Clayton started a new corporation, Peen Plate, to develop the chemistry required to deposit commercial thicknesses of plating metals. After numerous experiments, a process was developed in which parts were tumbled with steel shot, zinc dust, and the
chemicals that Clayton had developed. The process generally took at least several hours, and often took over 8 hours to achieve the thicknesses required. The steel shot required stripping with acid after each run.Peen Plate, lacking the resources to achieve commercial development of the process, licensed the mechanical plating process to 3M of St. Paul, Minnesota. 3M made
significant improvements in the process, reducing the cycle time to approximately 90 minutes per run. One of the most important improvements made by 3M was John Cutcliffe's development of the use of glass beads as the impact media in place of steel shot, an invention which is at the foundation of mechanical plating today. Glass beads offer the advantages of:
n Chemical Inertness
n Low Cost
n Readily Available
n Many Sizes in stock
n Non- Toxic n Low Coefficient of Friction
n High Crush Resistance
n Non-absorbent
n Low Abrasive Wear
n Recyclable and Reusable
For mechanical plating, the usual "rule of thumb" is that for each cubic foot (by volume) of live load of parts, the plater uses one cubic foot of media. For plating cross recess screws, the ratio of media to parts is often reduced, and the water level raised. For
mechanical galvanizing (thicknesses over 0.001") the general rule is to use 2 cubic feet of media to one cubic foot of parts to provide additional cushioning to prevent chipping during the plating process. If the part type is difficult, the ratio of impact media to parts
may be increased even more.
Media Mixes for Mechanical Plating and Mechanical Galvanizing
The media mix most commonly recommended is as follows:
n 4 volumes (50%) 4 mm (4 - 6 mesh) or 5 mm (3 - 4 mesh)
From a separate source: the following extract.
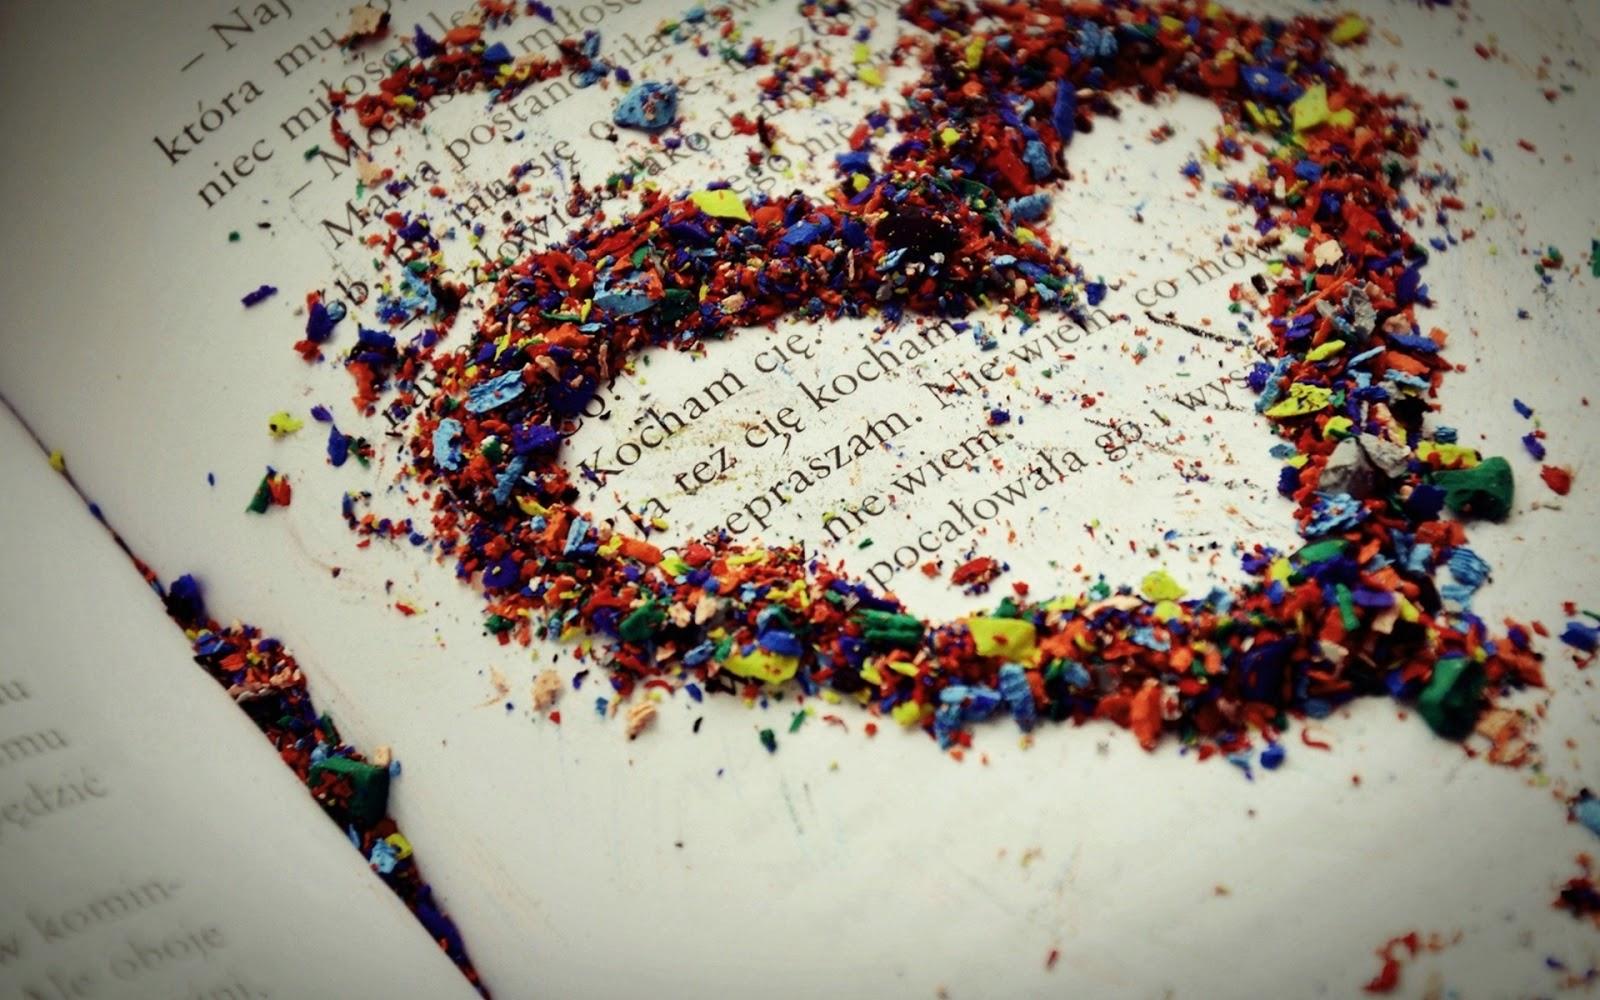 Book Writting HD Wallpaper Love Wallpapers Romantic Wallpapers 1600x1000

n 2 volumes (25%) 8 - 10 mesh or 10 - 12 mesh beads
n 1 volume (121/2%) 16 - 25 mesh beads
n 1 volume (121/2%) mush or fine beads - usually 50 mesh beads
This mixture is sometimes called a "4-ball" mix. A "3-ball" mix is similar to the above but with one intermediate size removed. A "2-ball" mix is usually large beads (3 - 5 mm) and mush beads.
On some machines, this preferred media mix cannot be used. The most common example is the old 3M "Metal Plating Centers" which (usually) have 3/16" perforated holes in the separator unit which would trap the media with the parts. For these machines,
we recommend: 6 parts 8 - 10 mesh beads; 2 parts 18 - 25 mesh beads; and 1 part 50 - 70 mesh beads.
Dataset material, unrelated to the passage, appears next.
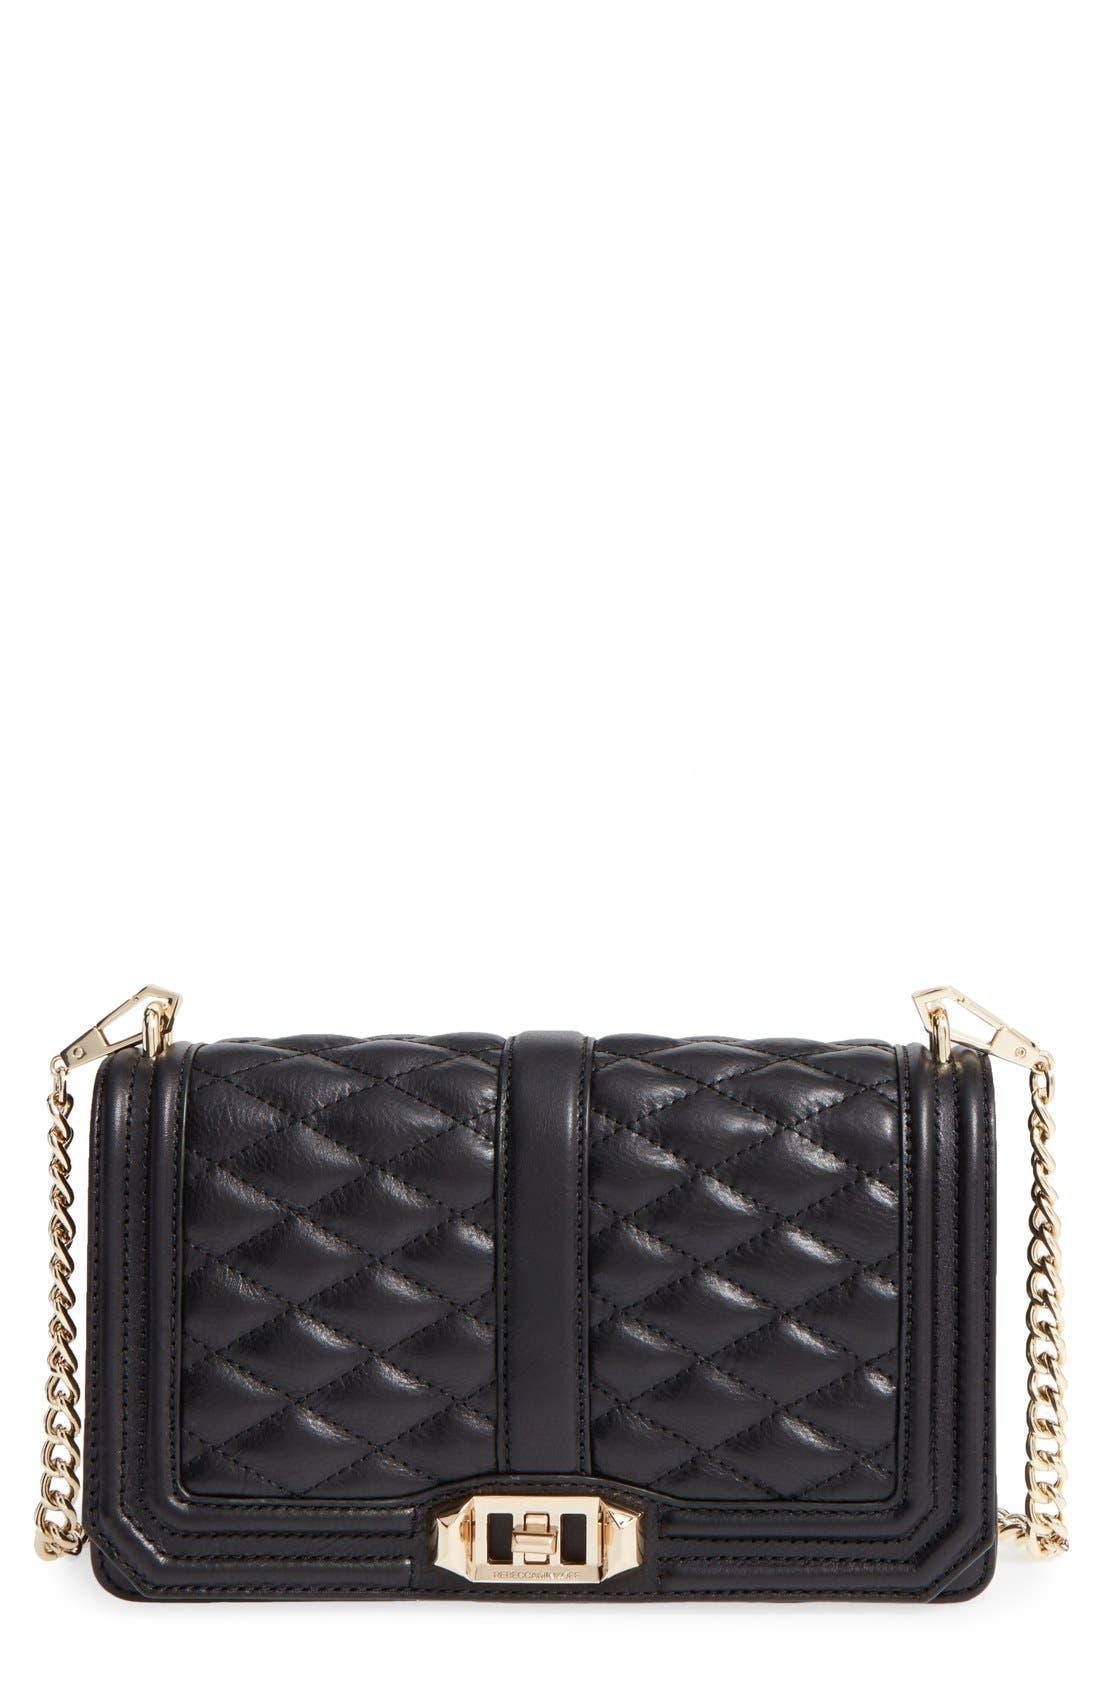 Main Image - Rebecca Minkoff Love Leather Crossbody Bag

On some part types, such as cross-recess screws, one media size will lodge in the cross recess. Generally, this is media in the 10 to 25 mesh range. If any media size is capable
of lodging it will lodge. Therefore, the plater must select a media mix that contains no sizes that will lodge.
There is a simple test for lodging. Take the media that is being contemplated as the plating medium and a few of the parts. Place them in a pint plastic bottle with water and shake vigorously by hand for two or three minutes. If the media can lodge in the parts,
it will be evident.
It is impossible to completely separate media in such a way that 100% of the lodging size is eliminated; media in the sump, in cracks or crevices in the barrel, in the piping - all these contribute to the problem.
For some part types the only alternative is to use straight "mush" media, which is 50 mesh - 100 mesh , 60 - 80 mesh or 70 - 100 mesh with no larger media. This media mix has poor flow characteristics and typically plates at a lower efficiency than other media mixes. However, if the parts themselves act similarly to the media, this will work acceptably.
Media should not contain an appreciable amount of broken media. Typical specifications are under 5%. Running heavy parts at too high a speed will break down the media. The 'crush resistance' of glass beads is about 31,000 to 36,000 psi. This is significantly
in excess of the force needed to plastically deform the small (3 - 7 micron) zinc particles so as to 'cold weld' the particles to the substrate. Thus, broken media is generally evidence of excessive mechanical energy being applied during the mechanical deposi-tion process.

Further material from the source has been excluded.